パーソナル・スペースの大きさは、その時の状況や相手などによって異なります。たとえば恋人とはべったりくっついても、同僚とはもう少し間を置き、知らない人とはさらに距離を置くといった具合です。

相手が見知らぬ人である場合、一般的に、パーソナル・スペースは3メートルとされています。このため、電車の座席では互いに距離をとって座ろうとするのです。端から席が埋まるのは、すぐ隣に他人が座ったとしても片側だけは縄張りを維持できるからです。

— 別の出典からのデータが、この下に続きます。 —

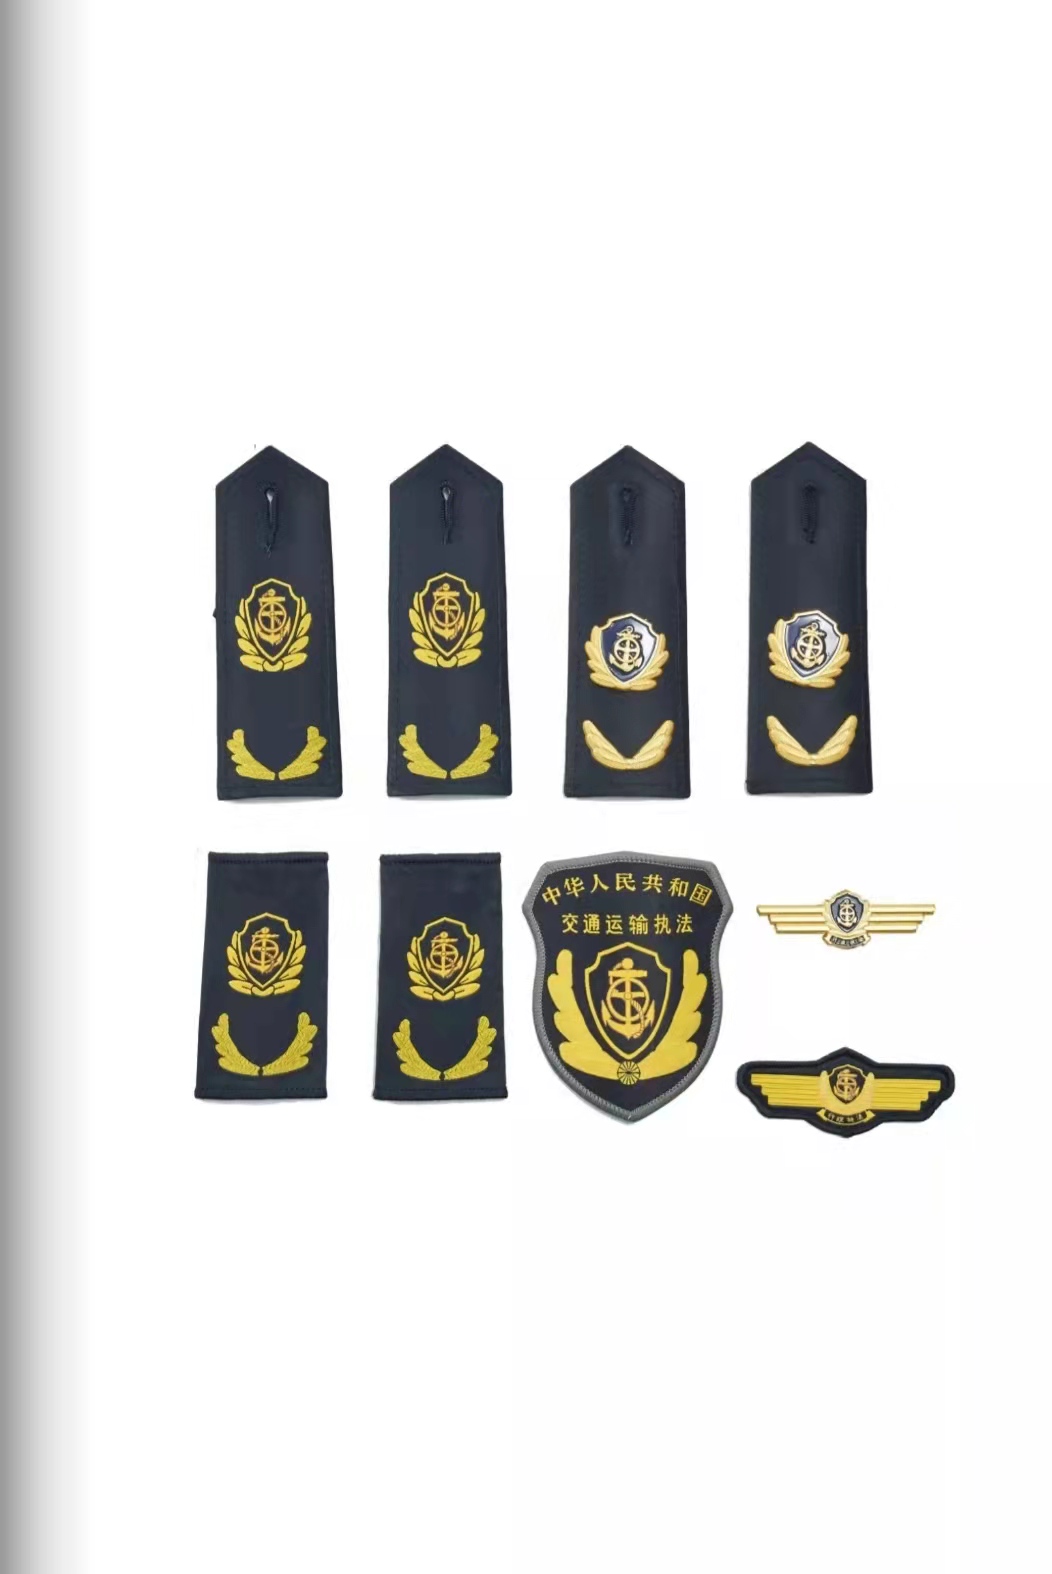 拉萨六部门统一交通运输执法服装标志

両側のパーソナル・スペースを侵害される不快感から逃れ、少しでも落ち着いていられる状況に、無意識のうちに身を置こうとしていると説明できます。

満員電車で立っている場合は、あらゆる方向を他人に囲まれ、パーソナル・スペースどころではなくなります。通勤ラッシュが疲れるのは、押されたりする苦痛に加え、縄張りが侵害され不快感が高まるためだといえます。誰もがイライラし、落ち着かなくなるため、嫌悪感が募ってちょっとしたことでトラブルが起こりやすい状況となります。

公衆トイレの男性用の小便器の使われ方にも、電車の座席と同じ傾向が見られます。端が使用中であると、次に来た人は間をあけた小便器を使おうとします。空いているのにあえて隣に人が来られたら、途端に警戒するでしょう。

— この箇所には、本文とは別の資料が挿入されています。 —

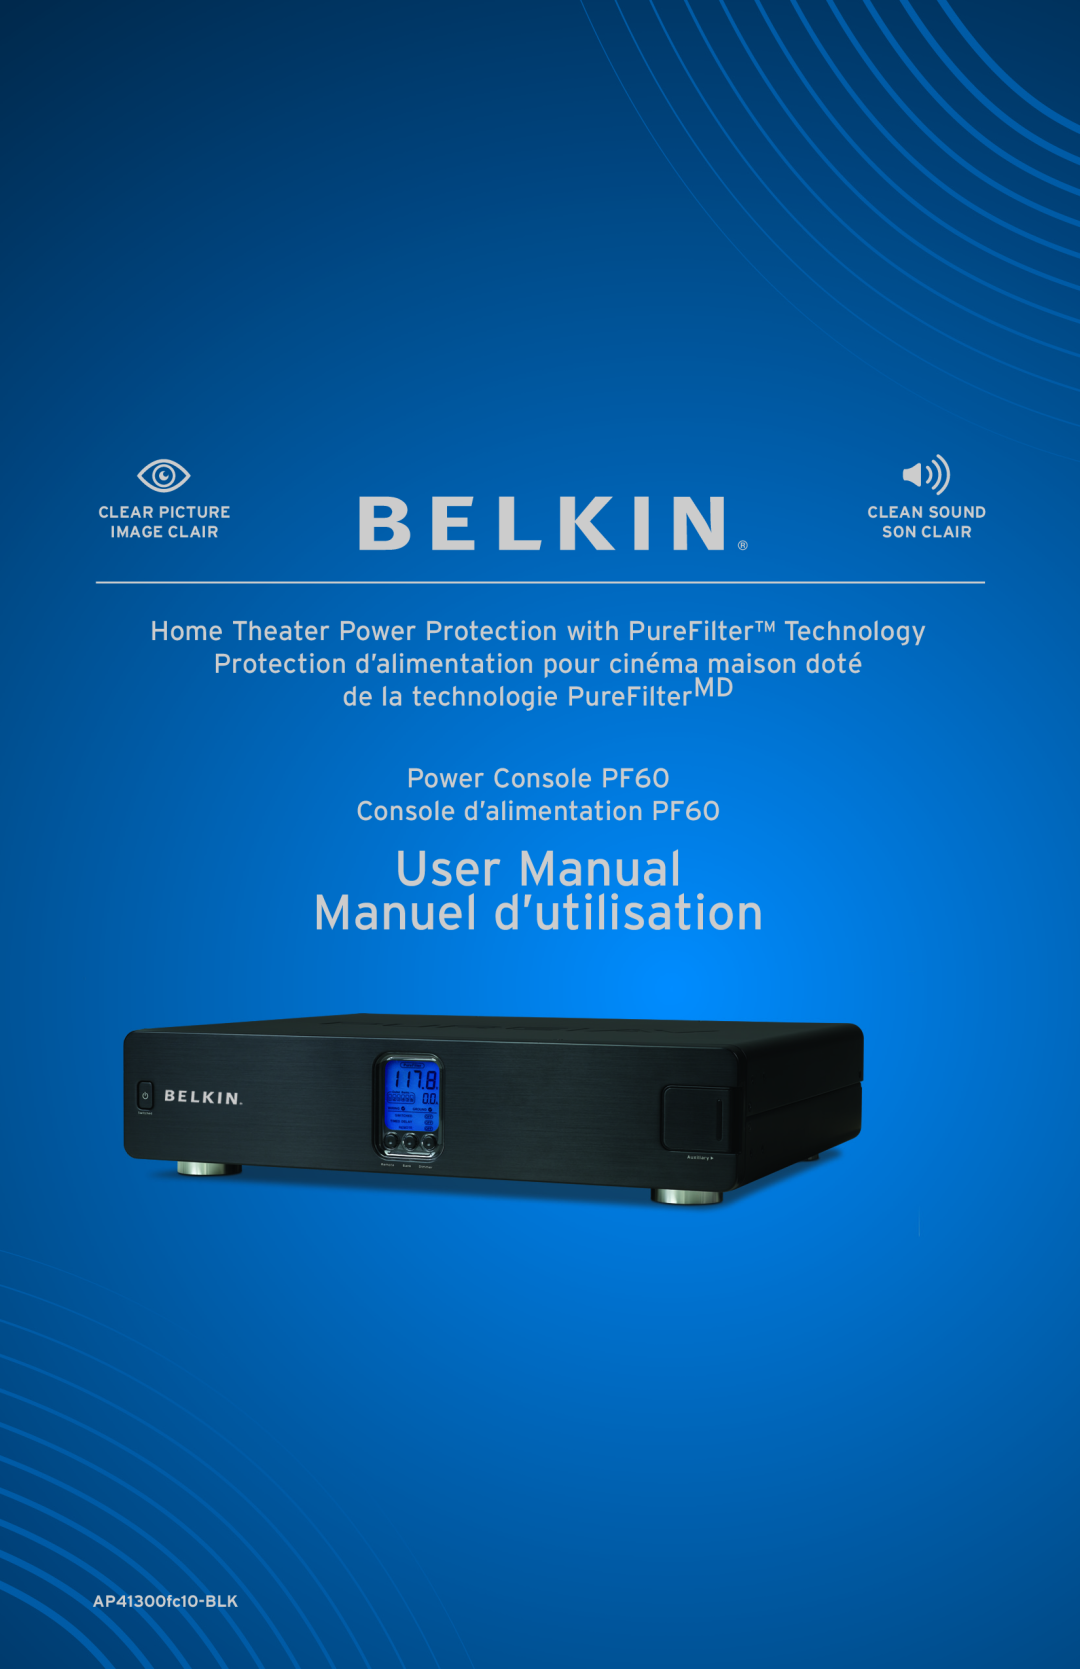 Belkin AP41300fc12-BLK user manual Protection d’alimentation pour cinéma maison doté, Console d’alimentation PF60

女子学生を被験者としたフィリップとソマーは、図書館を舞台とした実験をしました。女子学生が席に座っていると、ガラ空きなのにすぐ隣に男子学生が座るという実験です。女子学生は肘をついたり、椅子をずらしたりしますが、それでも落ち着かず、7割の人は30分も経たないうちに席を離れました。縄張りを侵害される行為は、それくらい耐えがたいものなのだと覚えておきましょう。

ただし、パーソナル・スペースは男女や性格によっても異なります。物事にこだわらない開けっ広げの人は領域が狭いのに対し、気難しく神経質な人は広い縄張りを必要とし、文字通り人を寄せつけません。暴力的な人は一般的なパーソナル・スペースの2倍程度を必要とするとした研究もあります。

また、文化による違いも認められ、日本では欧米よりパーソナル・スペースが広いといわれます。人との距離を詰めるのは少しずつにしましょう。